I believe you might have misunderstood the claims in Alpaca. They never stated it is as capable as ChatGPT, they found (and you can confirm this yourself) that it accurately replicates the instruction tuning. That is, for most of the areas in the fine-tuning set, a smaller model will output in the same style of davinci. And that's an amazing progress from the raw outputs of the raw models.

farmingvillein t1_jdnuvnf wrote on March 25, 2023 at 8:21 PM

> I believe you might have misunderstood the claims in Alpaca. They never stated it is as capable as ChatGPT, they found (and you can confirm this yourself) that it accurately replicates the instruction tuning. That is, for most of the areas in the fine-tuning set, a smaller model will output in the same style of davinci.

This is a misleading summary of the paper.

They instruction tune and then compare Alpaca versus GPT-3.5, and say that Alpaca is about equal on the tasks it compares (which, to be clear, is not equivalent to a test of "broad capability").

Yes, you are right that they don't make a statement that it is categorically more capable than ChatGPT, but they do state that their model is approximately as capable as GPT3.5 (which is of course not a 1:1 to chatgpt), on the diverse set of tasks tested.

It is very much not just a paper showing that you can make it output in the same "style".

Yardanico t1_jdls342 wrote on March 25, 2023 at 10:05 AM

Yeah, I think there's a lot of overhyping going around "running ChatGPT-grade language models on consumer hardware". They can "follow" instructions they same way as ChatGPT, but obviously those models know far, far less than the ClosedAI models do, and of course they'll hallucinate much more.

Although it's not an entirely bad thing, at least the community will innovate more so we might get something interesting in the future from this "push" :)

fiftyfourseventeen t1_jdnhbn0 wrote on March 25, 2023 at 6:43 PM

OpenAI is also doing a lot of tricks behind the scenes, so it's not really fair to just type two things into both, because they are getting nowhere near the same prompt. Llama is promising but it just needs to be properly instruction tuned

devl82 t1_jdmf6b3 wrote on March 25, 2023 at 2:09 PM

no they is no overhype, you just don't understand what Alpaca is trying to do & I am sure others will also reply similar

gamerx88 t1_jdmr4n2 wrote on March 25, 2023 at 3:38 PM

My observations are similar to yours, but I think Stanford's claim was that it rivalled text-davinci-003's dialogue or chat capabilities, and only in a single turn setting.

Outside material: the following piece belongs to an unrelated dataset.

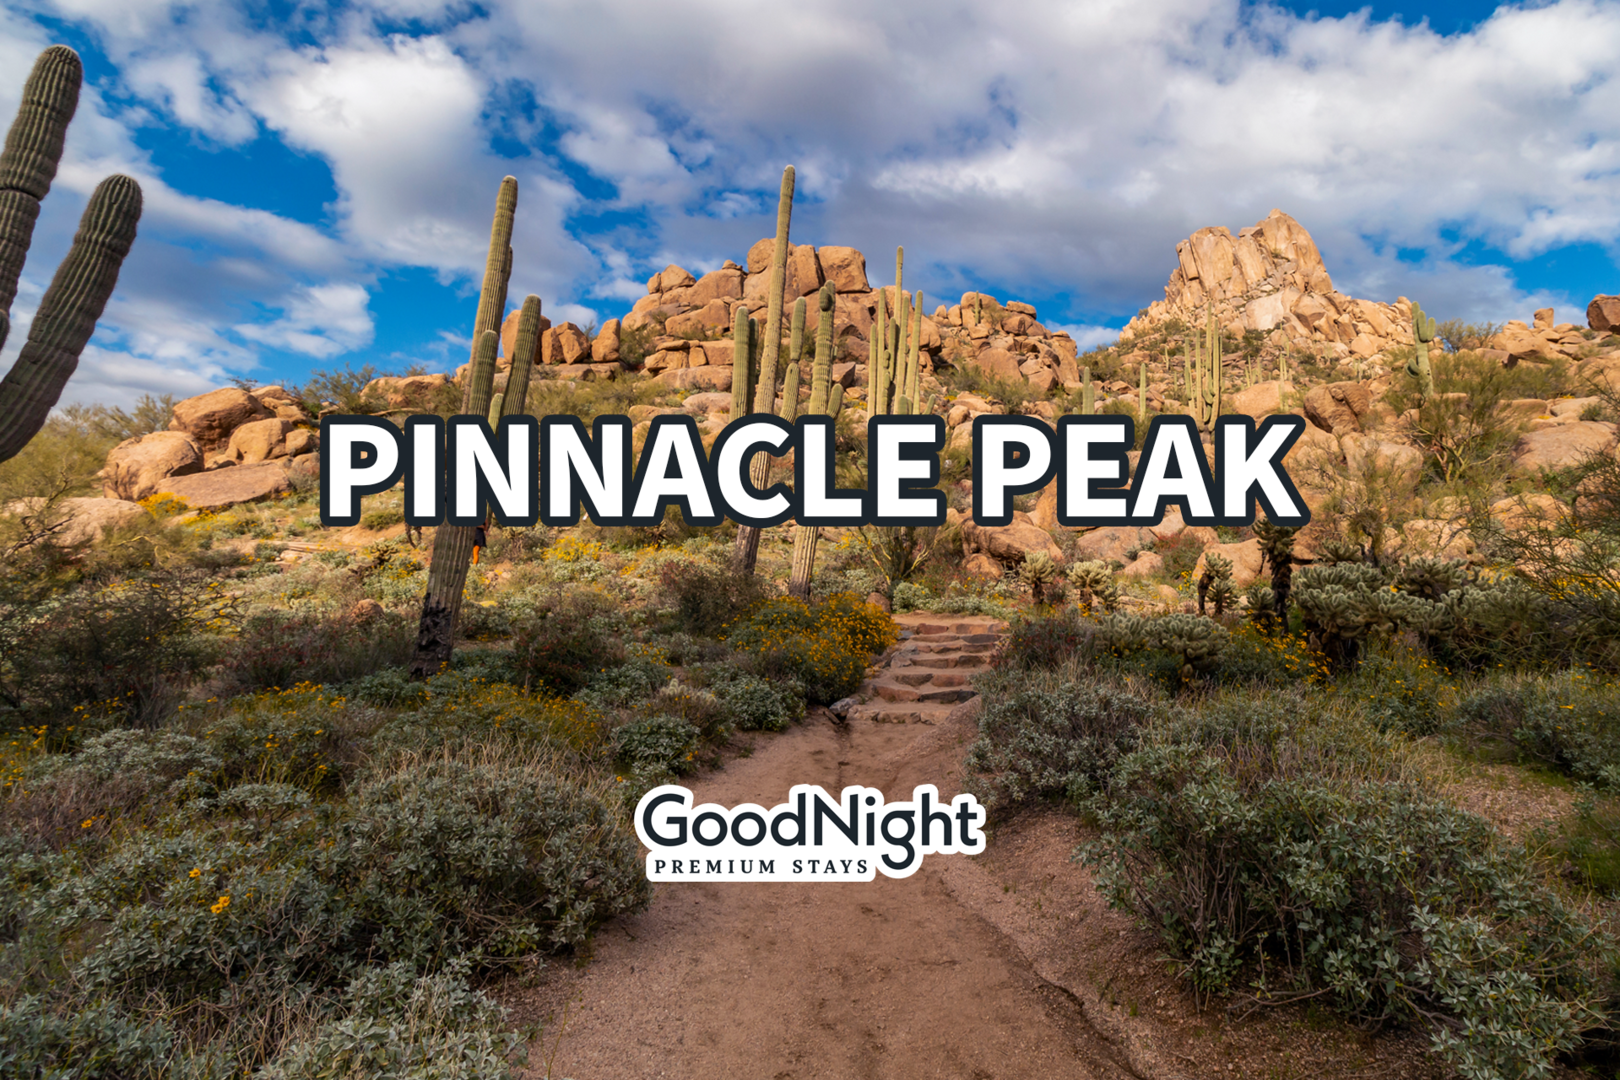 5 mins: Pinnacle Peak

Sorry-Balance2049 t1_jdl7yn7 wrote on March 25, 2023 at 5:20 AM

The databrick's blog post doesn't really show much eval on the model, only choice examples. It's more of a "hey we did this!" blog post.

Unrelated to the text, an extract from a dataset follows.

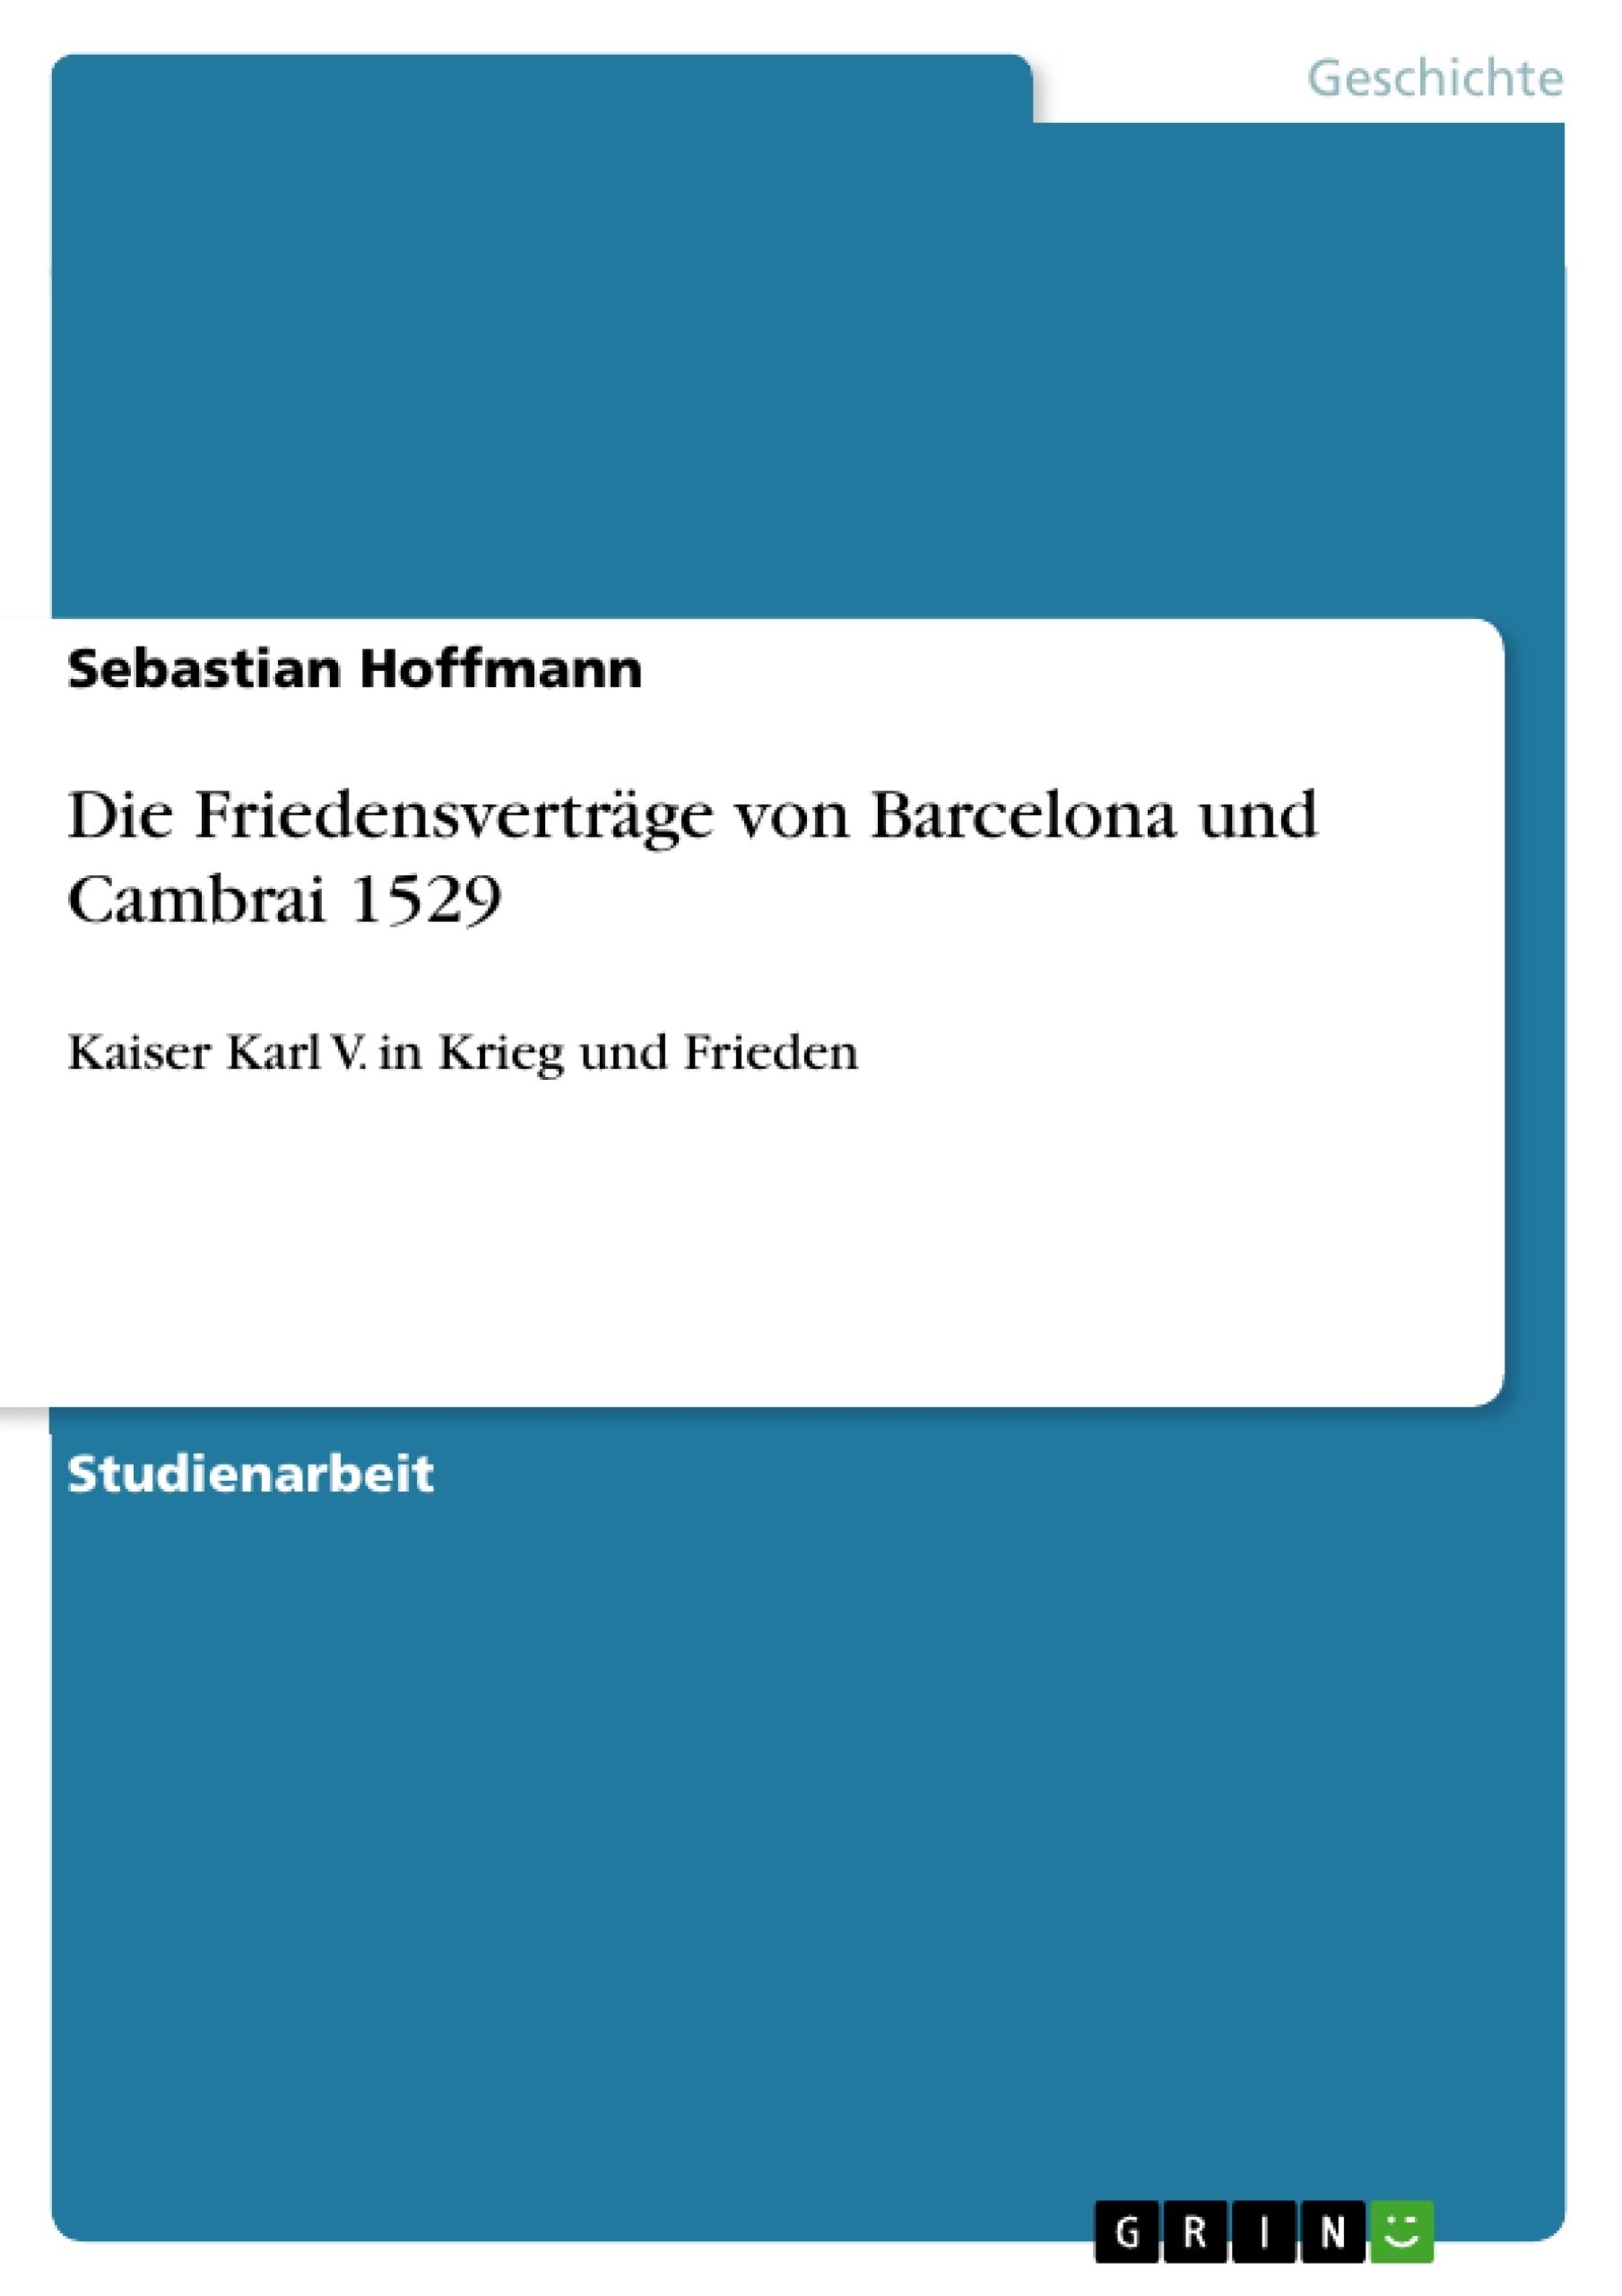 Title: Die Friedensverträge von Barcelona und Cambrai 1529

Vegetable-Skill-9700 OP t1_jdl8onp wrote on March 25, 2023 at 5:28 AM

Agreed! I don't expect it to be as good as GPT-4 on all tasks, but maybe fine-tuning for specific tasks can help it achieve similar performance on test samples related to that task. wdyt?

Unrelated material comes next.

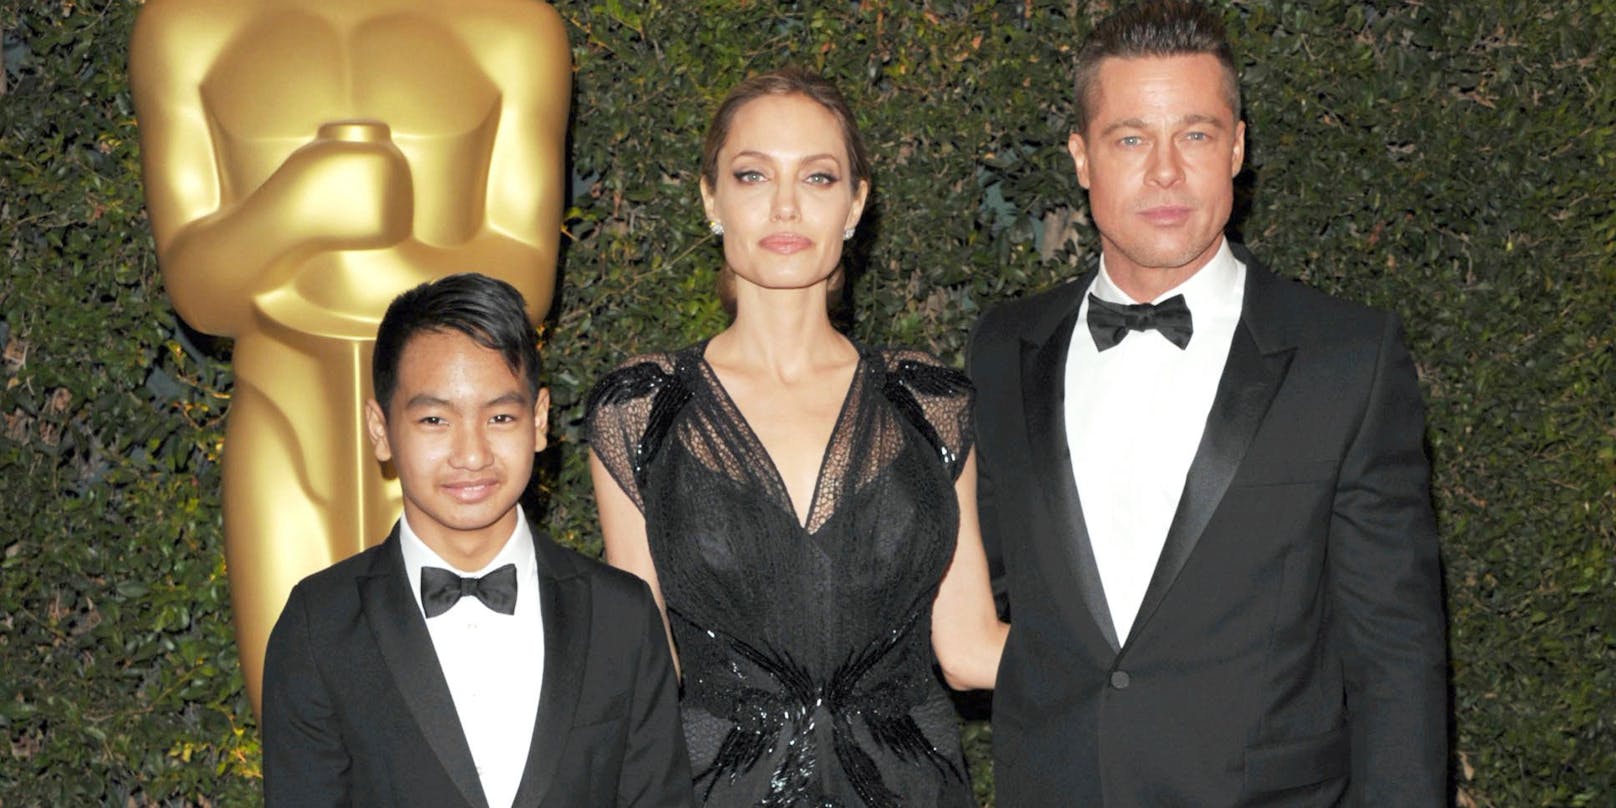 Damals noch eine glückliche Familie: Maddox, Angelina Jolie und Brad Pitt im Jahr 2013 auf dem Roten Teppich.

farmingvillein t1_jdntw7b wrote on March 25, 2023 at 8:14 PM

pure marketing.

not even weights...due to the ToS issues with the fine-tune set, presumably.

austintackaberry t1_jdrau92 wrote on March 26, 2023 at 4:02 PM

Yes, that's correct.

>[@matei_zaharia] The code is at https://github.com/databrickslabs/dolly. You can also contact us for weights, just want to make sure people understand the restrictions on the fine tuning data (or you can get that data from Stanford and train it yourself).

https://twitter.com/matei_zaharia/status/1639357850807054336?s=20

Zealousideal_Low1287 t1_jdlm2c0 wrote on March 25, 2023 at 8:36 AM

It seems that contrary to conventional wisdom, models with more parameters learn more efficiently. My personal ‘hunch’ is that training large models and then some form of distillation may become the standard thing to do.

londons_explorer t1_jdn0t7k wrote on March 25, 2023 at 4:47 PM

Paper after paper has shown that bigger model outperforms smaller model.

Sure, you can use tricks to make a small model work better. But apply those same tricks to a big model, and it works even better.

farmingvillein t1_jdnwda6 wrote on March 25, 2023 at 8:32 PM

> But apply those same tricks to a big model, and it works even better.

In general, yes, although there are many techniques that help small models that do not help large ones.

That said, agree with your overall point. I think the only reason we won't see model sizes continue to inflate is if 1) there are substantial underlying architecture discoveries (possible!) or 2) we really hit problems with data availability. But synthetic + multi-modal probably gives us a ways to go there.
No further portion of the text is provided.